Kerala has taken a bold step with its ban on single-use plastics

Whether it will be successful remains to be seen; however, it is a praiseworthy step nonetheless 

 
By Rashmi Shrivastav
Last Updated: Friday 10 January 2020

The state government of Kerala has banned the manufacturing, sale, storage and transportation of single-use plastic products like carry bags, disposable cups, straws, PET bottles, etc from January 1, 2020.

This key decision was taken at a cabinet meeting chaired by Chief Minister Pinarayi Vijayan on November 21, 2019, after taking into account the environmental and health issues the state faces given that it generates close to 45,000 tonnes of plastic waste a year.

Kerala had already imposed restrictions on the use and sale of plastic less than 50 microns in 2018 and facilitated its proper collection, segregation and recycling. However, that decision's robust implementation and availability of affordable alternatives remained a challenge.

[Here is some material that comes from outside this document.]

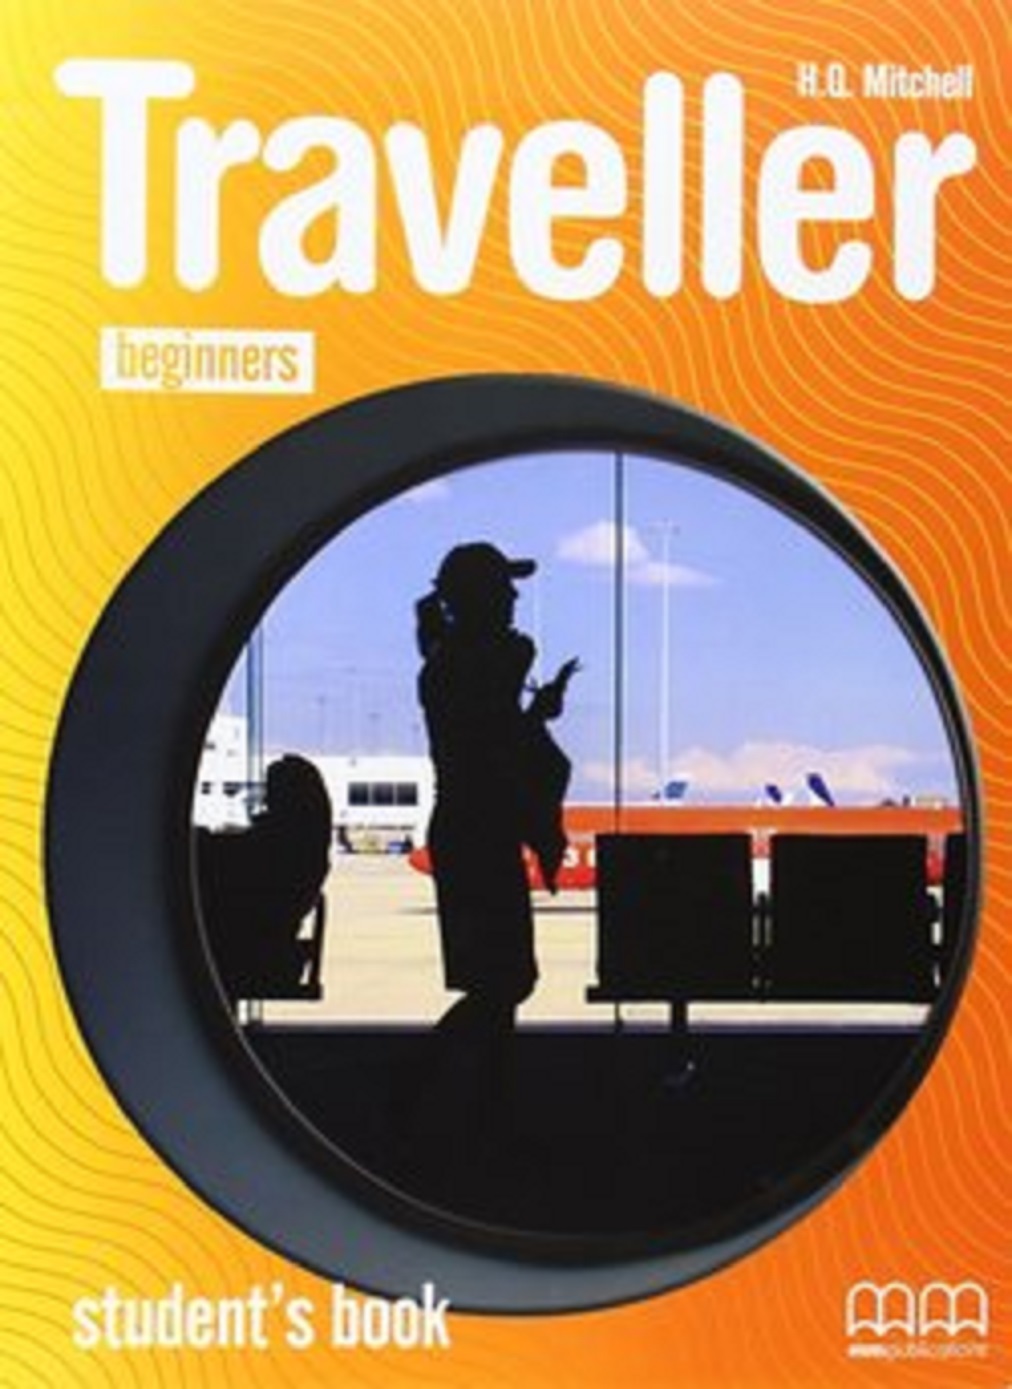 Traveller A1.1 Beginners, A1.2 Elementary & A2 Pre-Intermediate Teacher\'s Resource Pack CD | H. Q. Mitchell

With the current notification, the governing body has not only listed the banned products (branded and non-branded as well as compostable alternatives) but has also delineated and recommended substitutes in their places respectively (as represented in the table below), as part of a broader strategy toward more sustainable production.


The notification also reiterated that the government will impose a fine of Rs 10,000 (Rs 25,000 for the second time and Rs 50,000 for subsequent violations, along with cancellation of the unit's license) on producers, wholesale distributors and retailers if they fail to comply with the guidelines.

Products such as those manufactured or imported by the Kerala State Beverages Corporation, Kerala Kerakarshaka Sahakarana Federation Ltd (KERAFED), Kerala Co-operative Milk Marketing Federation (KCMMF or MILMA), Kerla Water Authority and other PSUs are exempted from this ban and will instead be covered within the existent ambit of the Extended Producer Responsibility (EPR) plan, which needs to be channelised through the existing waste collection facilities set-up by the local bodies as mandated previously by the state government.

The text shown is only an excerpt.